A flywheel A with a mass of 100 kg and radius of gyration 12

A flywheel (A) with a mass of 100 kg and radius of gyration 1200 mm rotates at 150 revs min–1 (clockwise). The kinetic energy of this flywheel is to be reduced by 20% by impacting it with a second flywheel (B) rotating at 80 revs min–1 in the opposite direction, such that they have the same (clockwise) angular velocity after impact. (a) Calculate the required mass of flywheel (B) if its radius of gyration is 800 mm.

Solution

Answer :

The total angular momentum (I w) of an isolated system is a vector quantity and remains constant in both magnitude and direction.
I = moment of inertia
w = angular velocity

Moment of inertia I
I = ki m r^2
ki = inertial constant - function of flywheel shape
m = mass of flywheel
r = radius

Sigma(Ix wx) = constant, the wx being vector quantities

The kinetic energy of a flywheel
Ef = 1/2 I w^2
I = moment of inertia
w = angular velocity

email me (korteng@rt66.com) if you have trouble.

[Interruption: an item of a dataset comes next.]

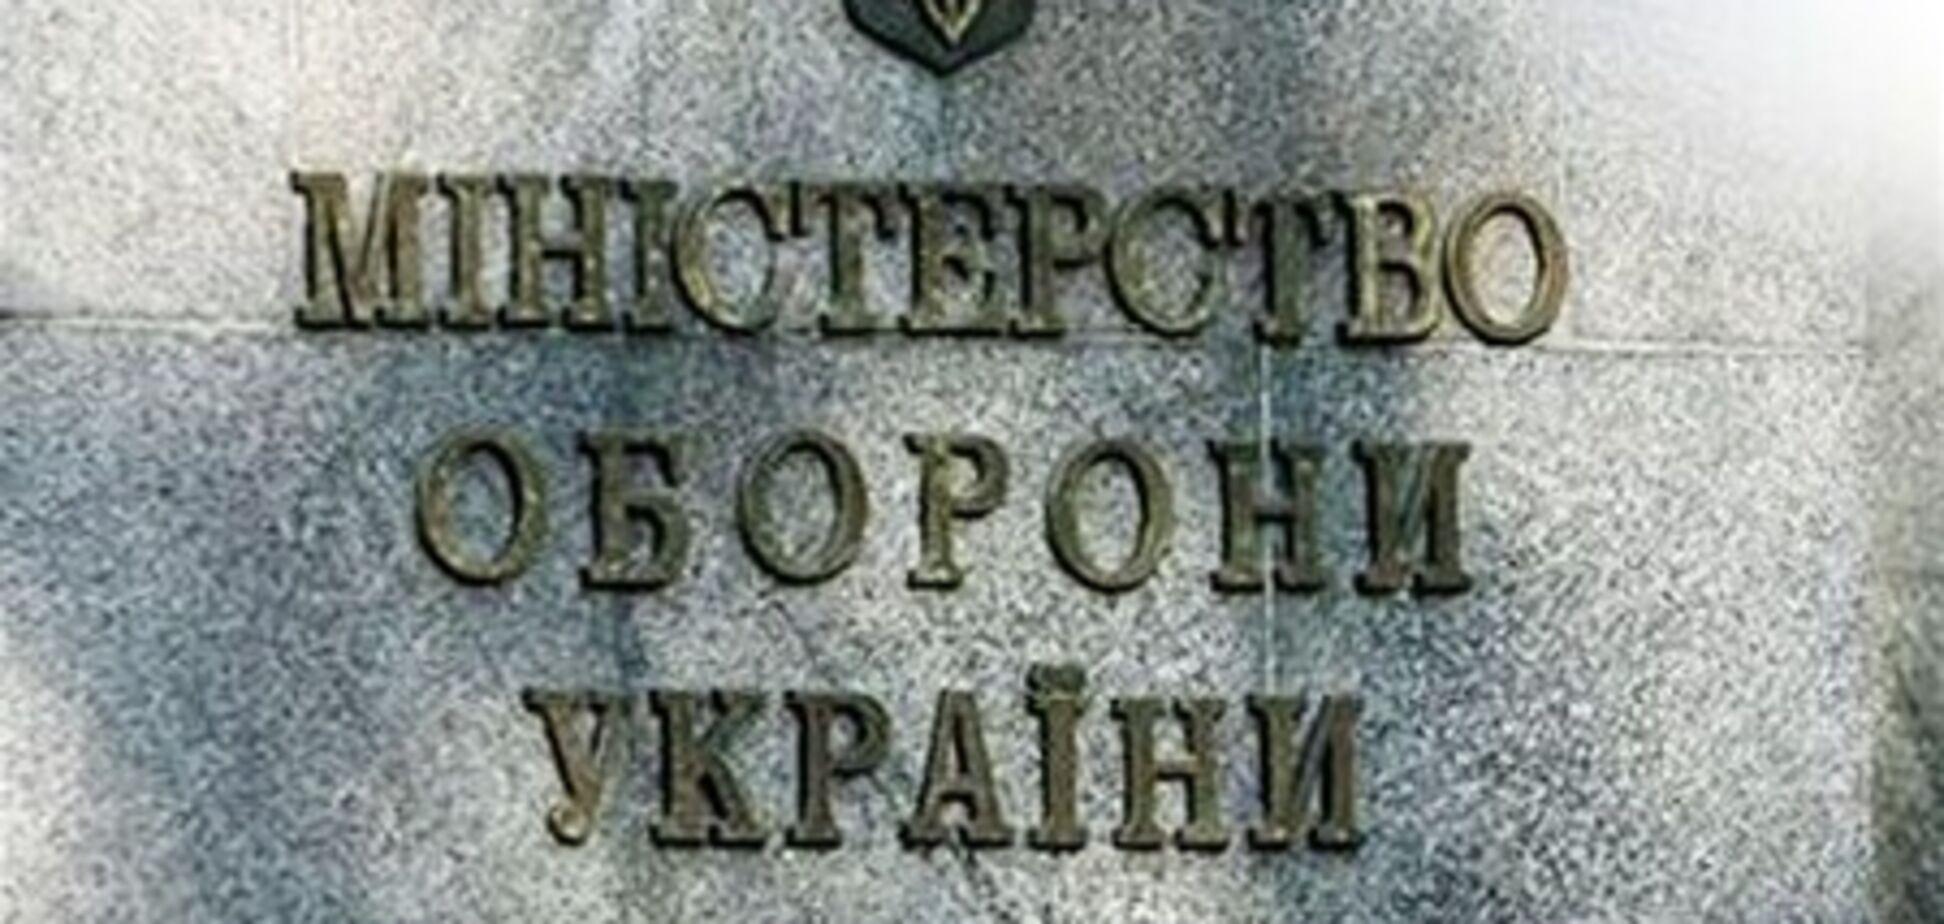 Из-за нападения на воинскую часть в Харьков вылетела опергруппа Минобороны

.later after receiving email:

A)

a) first calculate original energy of first flywheel
Ef1a = 1/2 I1 (w1)^2; w1 = (2pi)(150/60)
since its energy is to be reduced to 0.8 of Ef1a
Ef1b = 1/2 I1 (w2)^2 = 0.8 Ef1a
w2 = sqrt(0.8 ) w1 = sqrt(0.8) ( 2pi) (150/60) radians/sec
where w2 is the final rotational frequency in radians/sec

b) Calculate the total angular momentum before the collision:

sigma(Ix wx)
= If1 w1 + If2 wf2 = If1 w1 + If2 (2pi)(80/60)
= If1 w2 + If2 w2, since angular momentum is conserved

If2 [(2pi)(80/60) - w2] = If1 [ w2 - w1] =
If2 = If1 [ w2 - w1]/[(2pi)(80/60) - w2]

I = ki m G^2 ; G is radius of gyration

k2 m2 (G2)^2 = k2 m1 (G1)^2 [ w2 - w1]/[(2pi)(80/60) - w2]

m2 = m1 k1/k2 (G1)^2 [ w2 - w1]/[(2pi)(80/60) - w2]
k is a function of flywheel shape. If the k\'s are the same:

m2 = m1 (G1/G2)^2 [ w2 - w1]/[(2pi)(80/60) - w2]
G1 = 1.2 meters
G2 = 0.8 meters

--->>>plug in the numbers for the mass of the second flywheel

B)
The kinetic energy of a flywheel
Ef = 1/2 I w^2

Plug in the numbers for the energy of both wheels before, and after the collision

The difference, if any, is the lost energy.

C) If there is no any energy lost in B), the impact is elastic.
If there is energy lost, it is in the form of heat or other energy passed on to the surrounding environment by the collision.